Date of Award

2017

Degree Type

Dissertation

Degree Name

Doctor of Philosophy (PhD)

Graduate Group

Electrical & Systems Engineering

First Advisor

Saswati Sarkar

Abstract

Net-neutrality on the Internet is the set of policies that prevents a paid or unpaid discrimination by Internet Service Providers (ISPs) among different types of transmitted data. The recent moves to change the net neutrality rules and the growing demand for data have driven the ISPs to provide differential treatment of traffic to generate additional revenue streams from Content Providers (CPs). In this thesis, we consider economic frameworks to investigate different questions about the departure toward a non-neutral regime and its possible consequences. In particular, we i) assess whether different entities of the market have the incentive to adopt a non-neutral pricing scheme; and if yes ii) what are the pricing strategies they choose; and iii) how these changes affect the Internet market. First, we investigate the incentives of different entities of the Internet market for migrating to a non-neutral regime. Thus, we consider early stages of a non-neutral Internet. We consider a diverse set of parameters for the market, e.g. market powers of ISPs, sensitivity of EUs and CPs to the quality of the content.
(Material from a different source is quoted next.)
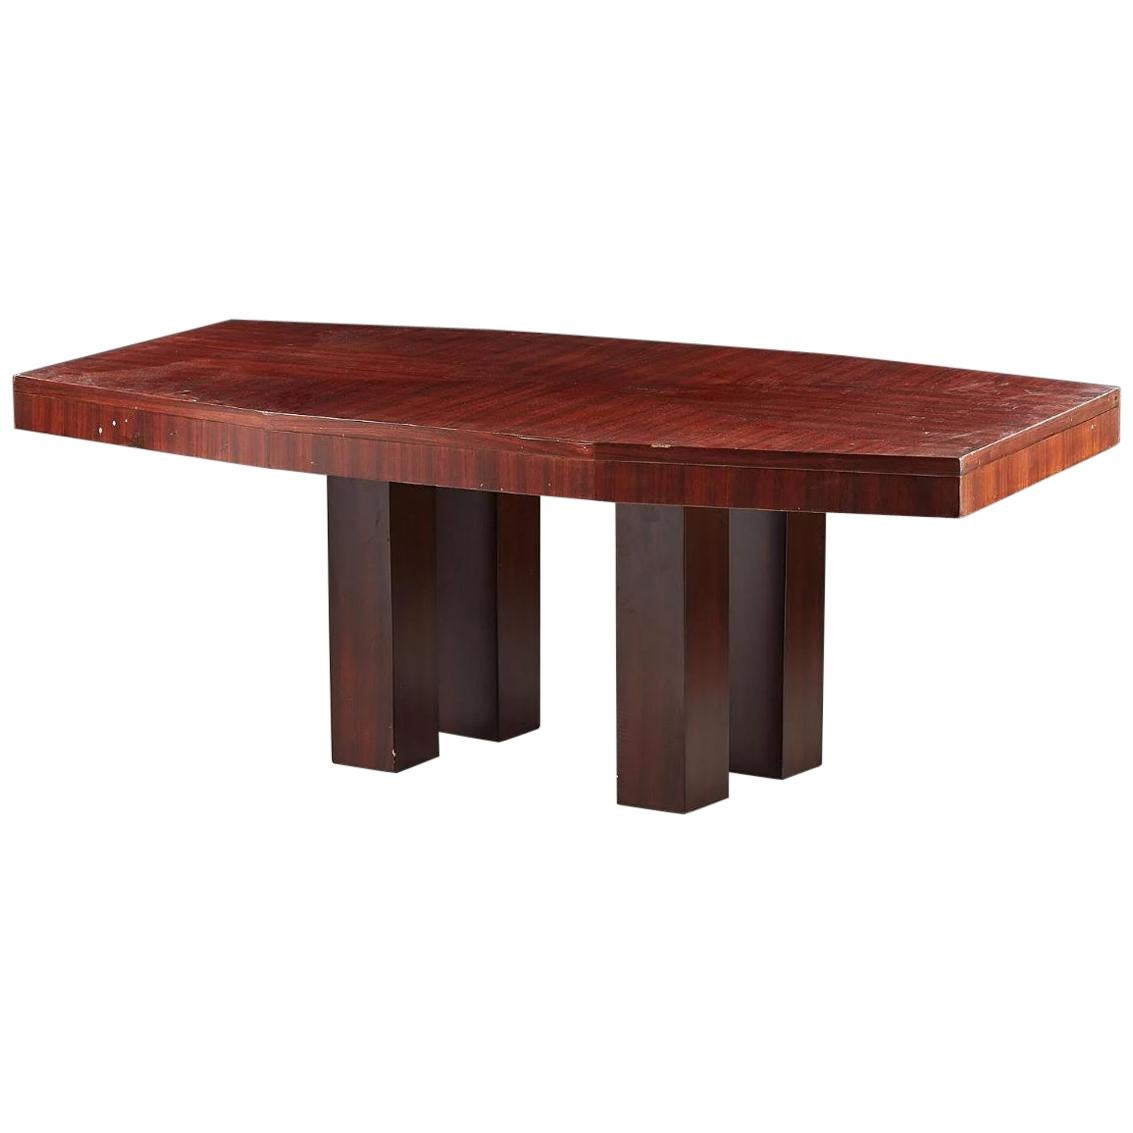 Modernist Art Deco Table circa 1930-1940 Attributed to Jacques Adnet For Sale

The goal is to obtain founded insights on whether there exists a market equilibrium, the structure of the equilibria, and how they depend on different parameters of the market when the current equilibrium (neutral regime) is disrupted and some ISPs have switched to a non-neutral regime. Then, we seek to investigate frameworks using which ISPs and CPs select appropriate incentives for each other, and investigate the implications of these new schemes on the entities of the Internet market. We analyze two non-neutral frameworks. In the first framework, we focus on the price competition between ISPs in the presence of uncertainty in competition and demand when CPs, i.e. demand, is merely price taker, i.e. passive in equilibrium selection. Then, in the second framework, we consider the case in which CPs have an active role in the market, and decide on the number of resources they want to reserve/buy from ISPs based on the price ISPs quote. In this case, we also consider the coupling between limited resources and the quality of the content delivered to end-users and subsequently the strategies of the decision makers. We obtain strategies for ISPs and CPs under a variety of market dynamics.